§ **GOAL OF THE EXERCISE**
From the records below, print exactly the lines starting at the one containing "Prototype-ECG-Housings-Yellow-Clip-Topview-v1.2" and ending at the one containing "Ex nihilo Oud Vendôme eau de parfum - 50 ml", ends included, and nothing else.

§ **DATA SHOWN**
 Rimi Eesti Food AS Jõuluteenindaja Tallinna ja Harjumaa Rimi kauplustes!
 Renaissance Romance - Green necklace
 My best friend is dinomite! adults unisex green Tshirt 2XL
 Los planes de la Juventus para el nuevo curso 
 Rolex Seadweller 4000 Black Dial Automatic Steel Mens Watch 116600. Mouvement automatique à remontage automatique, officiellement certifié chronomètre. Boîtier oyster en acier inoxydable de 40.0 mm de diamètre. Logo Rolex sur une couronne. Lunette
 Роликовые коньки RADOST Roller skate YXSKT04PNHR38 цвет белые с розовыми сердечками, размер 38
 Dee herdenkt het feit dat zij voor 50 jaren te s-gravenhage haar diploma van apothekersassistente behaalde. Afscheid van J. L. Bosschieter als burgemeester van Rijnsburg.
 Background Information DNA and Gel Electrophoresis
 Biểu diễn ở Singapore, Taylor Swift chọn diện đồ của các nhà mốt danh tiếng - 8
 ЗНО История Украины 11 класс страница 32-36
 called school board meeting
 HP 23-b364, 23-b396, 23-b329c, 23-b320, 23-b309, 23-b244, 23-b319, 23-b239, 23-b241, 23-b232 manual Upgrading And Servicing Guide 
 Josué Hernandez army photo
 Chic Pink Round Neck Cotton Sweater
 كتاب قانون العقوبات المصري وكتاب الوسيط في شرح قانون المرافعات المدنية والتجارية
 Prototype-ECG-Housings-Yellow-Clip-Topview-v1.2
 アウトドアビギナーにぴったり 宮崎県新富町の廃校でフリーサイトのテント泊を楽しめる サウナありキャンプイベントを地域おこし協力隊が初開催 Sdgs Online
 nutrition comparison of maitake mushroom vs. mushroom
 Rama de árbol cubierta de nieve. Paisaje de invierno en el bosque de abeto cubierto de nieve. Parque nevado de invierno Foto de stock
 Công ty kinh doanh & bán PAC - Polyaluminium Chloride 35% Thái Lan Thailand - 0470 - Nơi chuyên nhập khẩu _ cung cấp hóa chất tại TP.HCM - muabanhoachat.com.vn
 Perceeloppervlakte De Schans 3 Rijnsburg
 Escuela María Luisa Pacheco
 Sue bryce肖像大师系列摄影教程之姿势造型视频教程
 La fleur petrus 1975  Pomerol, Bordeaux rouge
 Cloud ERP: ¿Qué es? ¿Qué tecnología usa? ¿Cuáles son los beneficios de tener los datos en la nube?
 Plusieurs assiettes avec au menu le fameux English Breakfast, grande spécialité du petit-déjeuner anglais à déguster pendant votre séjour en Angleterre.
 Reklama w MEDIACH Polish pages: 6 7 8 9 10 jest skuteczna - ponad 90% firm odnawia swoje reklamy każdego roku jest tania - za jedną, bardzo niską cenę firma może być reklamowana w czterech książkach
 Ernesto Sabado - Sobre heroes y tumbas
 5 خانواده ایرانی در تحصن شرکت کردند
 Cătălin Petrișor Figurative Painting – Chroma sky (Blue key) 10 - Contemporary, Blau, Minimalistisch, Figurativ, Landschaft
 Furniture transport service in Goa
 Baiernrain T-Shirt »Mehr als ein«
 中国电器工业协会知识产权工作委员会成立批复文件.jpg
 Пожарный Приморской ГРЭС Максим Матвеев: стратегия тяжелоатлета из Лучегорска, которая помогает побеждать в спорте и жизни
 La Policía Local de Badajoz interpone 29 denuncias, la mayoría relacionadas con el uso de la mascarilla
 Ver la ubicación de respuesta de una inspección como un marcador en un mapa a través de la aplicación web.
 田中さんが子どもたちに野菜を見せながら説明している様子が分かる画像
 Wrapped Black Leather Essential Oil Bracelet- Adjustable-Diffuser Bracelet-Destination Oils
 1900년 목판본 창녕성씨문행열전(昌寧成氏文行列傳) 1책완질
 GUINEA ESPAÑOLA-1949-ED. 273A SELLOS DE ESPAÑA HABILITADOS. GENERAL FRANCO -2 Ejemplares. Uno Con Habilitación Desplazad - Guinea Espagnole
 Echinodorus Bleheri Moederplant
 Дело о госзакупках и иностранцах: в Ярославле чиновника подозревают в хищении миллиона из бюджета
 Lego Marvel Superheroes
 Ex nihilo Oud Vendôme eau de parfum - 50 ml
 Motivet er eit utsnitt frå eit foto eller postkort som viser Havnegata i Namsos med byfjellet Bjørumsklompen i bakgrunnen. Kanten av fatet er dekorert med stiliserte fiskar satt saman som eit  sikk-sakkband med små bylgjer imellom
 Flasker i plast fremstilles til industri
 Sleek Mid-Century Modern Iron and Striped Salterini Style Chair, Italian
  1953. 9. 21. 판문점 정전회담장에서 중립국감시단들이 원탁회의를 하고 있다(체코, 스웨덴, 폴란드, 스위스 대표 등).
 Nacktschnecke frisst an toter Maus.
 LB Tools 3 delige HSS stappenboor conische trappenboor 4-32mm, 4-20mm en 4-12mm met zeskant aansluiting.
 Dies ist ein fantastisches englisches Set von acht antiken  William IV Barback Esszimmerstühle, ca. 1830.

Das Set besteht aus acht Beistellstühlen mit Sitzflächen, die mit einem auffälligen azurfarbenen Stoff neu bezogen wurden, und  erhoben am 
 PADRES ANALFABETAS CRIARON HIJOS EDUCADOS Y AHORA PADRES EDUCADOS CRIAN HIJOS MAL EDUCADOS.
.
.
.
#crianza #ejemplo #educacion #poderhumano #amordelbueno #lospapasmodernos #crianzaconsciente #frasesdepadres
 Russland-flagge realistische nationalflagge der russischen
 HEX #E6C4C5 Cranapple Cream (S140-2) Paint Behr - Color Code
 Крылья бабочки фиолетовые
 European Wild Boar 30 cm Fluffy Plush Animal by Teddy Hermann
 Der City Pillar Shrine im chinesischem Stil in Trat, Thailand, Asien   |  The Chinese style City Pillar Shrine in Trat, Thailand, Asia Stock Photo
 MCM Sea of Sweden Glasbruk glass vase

§ **ANSWER TO THE PROBLEM**
 Prototype-ECG-Housings-Yellow-Clip-Topview-v1.2
 アウトドアビギナーにぴったり 宮崎県新富町の廃校でフリーサイトのテント泊を楽しめる サウナありキャンプイベントを地域おこし協力隊が初開催 Sdgs Online
 nutrition comparison of maitake mushroom vs. mushroom
 Rama de árbol cubierta de nieve. Paisaje de invierno en el bosque de abeto cubierto de nieve. Parque nevado de invierno Foto de stock
 Công ty kinh doanh & bán PAC - Polyaluminium Chloride 35% Thái Lan Thailand - 0470 - Nơi chuyên nhập khẩu _ cung cấp hóa chất tại TP.HCM - muabanhoachat.com.vn
 Perceeloppervlakte De Schans 3 Rijnsburg
 Escuela María Luisa Pacheco
 Sue bryce肖像大师系列摄影教程之姿势造型视频教程
 La fleur petrus 1975  Pomerol, Bordeaux rouge
 Cloud ERP: ¿Qué es? ¿Qué tecnología usa? ¿Cuáles son los beneficios de tener los datos en la nube?
 Plusieurs assiettes avec au menu le fameux English Breakfast, grande spécialité du petit-déjeuner anglais à déguster pendant votre séjour en Angleterre.
 Reklama w MEDIACH Polish pages: 6 7 8 9 10 jest skuteczna - ponad 90% firm odnawia swoje reklamy każdego roku jest tania - za jedną, bardzo niską cenę firma może być reklamowana w czterech książkach
 Ernesto Sabado - Sobre heroes y tumbas
 5 خانواده ایرانی در تحصن شرکت کردند
 Cătălin Petrișor Figurative Painting – Chroma sky (Blue key) 10 - Contemporary, Blau, Minimalistisch, Figurativ, Landschaft
 Furniture transport service in Goa
 Baiernrain T-Shirt »Mehr als ein«
 中国电器工业协会知识产权工作委员会成立批复文件.jpg
 Пожарный Приморской ГРЭС Максим Матвеев: стратегия тяжелоатлета из Лучегорска, которая помогает побеждать в спорте и жизни
 La Policía Local de Badajoz interpone 29 denuncias, la mayoría relacionadas con el uso de la mascarilla
 Ver la ubicación de respuesta de una inspección como un marcador en un mapa a través de la aplicación web.
 田中さんが子どもたちに野菜を見せながら説明している様子が分かる画像
 Wrapped Black Leather Essential Oil Bracelet- Adjustable-Diffuser Bracelet-Destination Oils
 1900년 목판본 창녕성씨문행열전(昌寧成氏文行列傳) 1책완질
 GUINEA ESPAÑOLA-1949-ED. 273A SELLOS DE ESPAÑA HABILITADOS. GENERAL FRANCO -2 Ejemplares. Uno Con Habilitación Desplazad - Guinea Espagnole
 Echinodorus Bleheri Moederplant
 Дело о госзакупках и иностранцах: в Ярославле чиновника подозревают в хищении миллиона из бюджета
 Lego Marvel Superheroes
 Ex nihilo Oud Vendôme eau de parfum - 50 ml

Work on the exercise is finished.